You must verify the signature against the **raw request body bytes** before JSON parsing. Parsing the JSON first and re-serializing it may change whitespace or field order and invalidate the signature.

Framework Integration Examples

Fastify

Fastify does not expose rawBody by default.
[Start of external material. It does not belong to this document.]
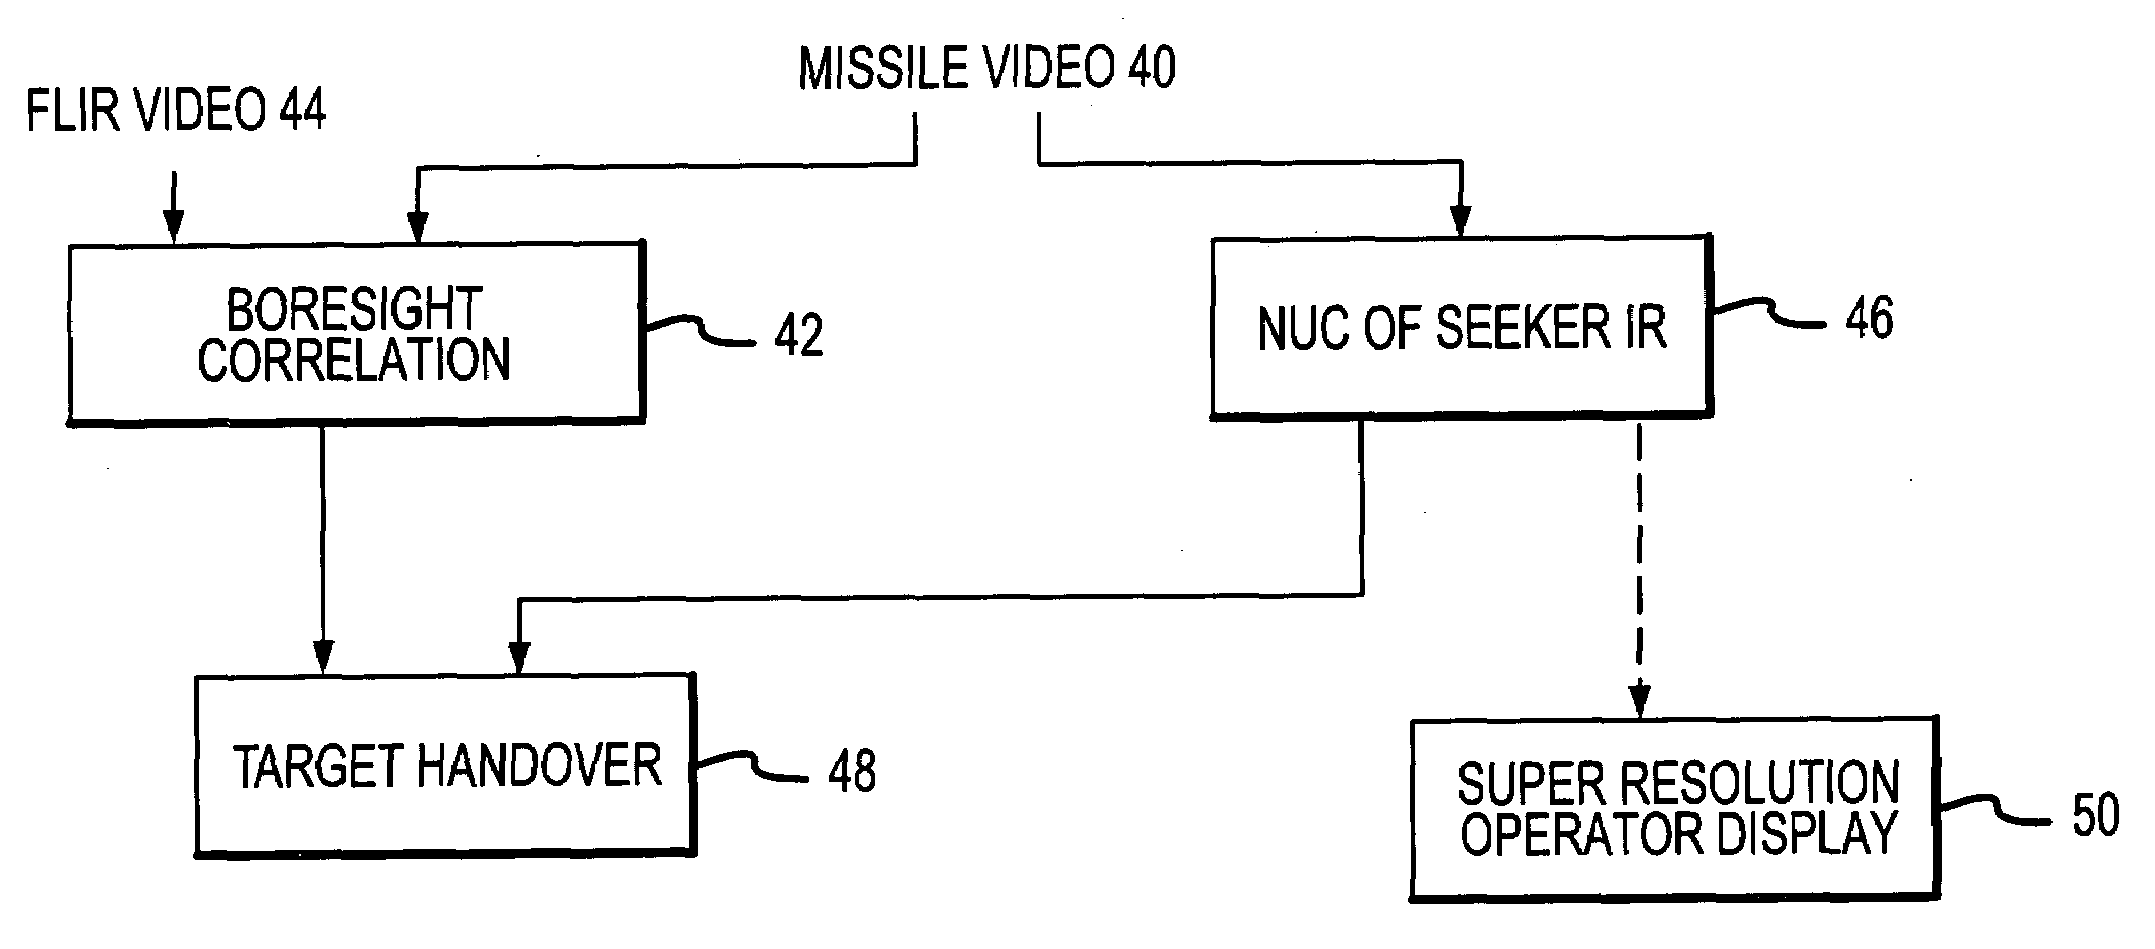 FLIR-to-missile boresight correlation and non-uniformity compensation of the missile seeker

Use fastify-raw-body or the ContentTypeParser approach:

import Fastify from 'fastify';
import rawBody from 'fastify-raw-body';
import crypto from 'node:crypto';

const app = Fastify();
await app.register(rawBody);

app.post('/webhooks/vitasync', async (req, reply) => {
  const signature = req.headers['x-vitasync-signature'] as string;
  const expected = 'sha256=' + crypto
    .createHmac('sha256', process.env.WEBHOOK_SECRET!)
    .update(req.rawBody!)
    .digest('hex');

  if (!crypto.timingSafeEqual(Buffer.from(signature ?? ''), Buffer.from(expected))) {
    return reply.code(401).send({ error: 'Invalid signature' });
  }

  const { event, data } = req.body as { event: string; data: unknown };

  switch (event) {
    case 'sync.completed':
      await handleSyncCompleted(data);
      break;
    case 'sync.failed':
      await handleSyncFailed(data);
      break;
  }

  return reply.send({ ok: true });
});

Express

import express from 'express';
import crypto from 'node:crypto';

const app = express();

// Use express.raw() BEFORE express.json() for this route
app.post(
  '/webhooks/vitasync',
  express.raw({ type: 'application/json' }),
  (req, res) => {
    const signature = req.headers['x-vitasync-signature'] as string;
    const expected = 'sha256=' + crypto
      .createHmac('sha256', process.env.WEBHOOK_SECRET!)
      .update(req.body as Buffer)
      .digest('hex');

    if (!crypto.timingSafeEqual(Buffer.from(signature ?? ''), Buffer.from(expected))) {
      return res.status(401).json({ error: 'Invalid signature' });
    }

    const payload = JSON.parse(req.body.toString());
    // process payload...
    res.json({ ok: true });
  },
);

Idempotency

VitaSync may deliver the same event more than once (on retries after network failures or 5xx responses). Your webhook handler must be idempotent — processing the same delivery twice should not cause duplicate actions.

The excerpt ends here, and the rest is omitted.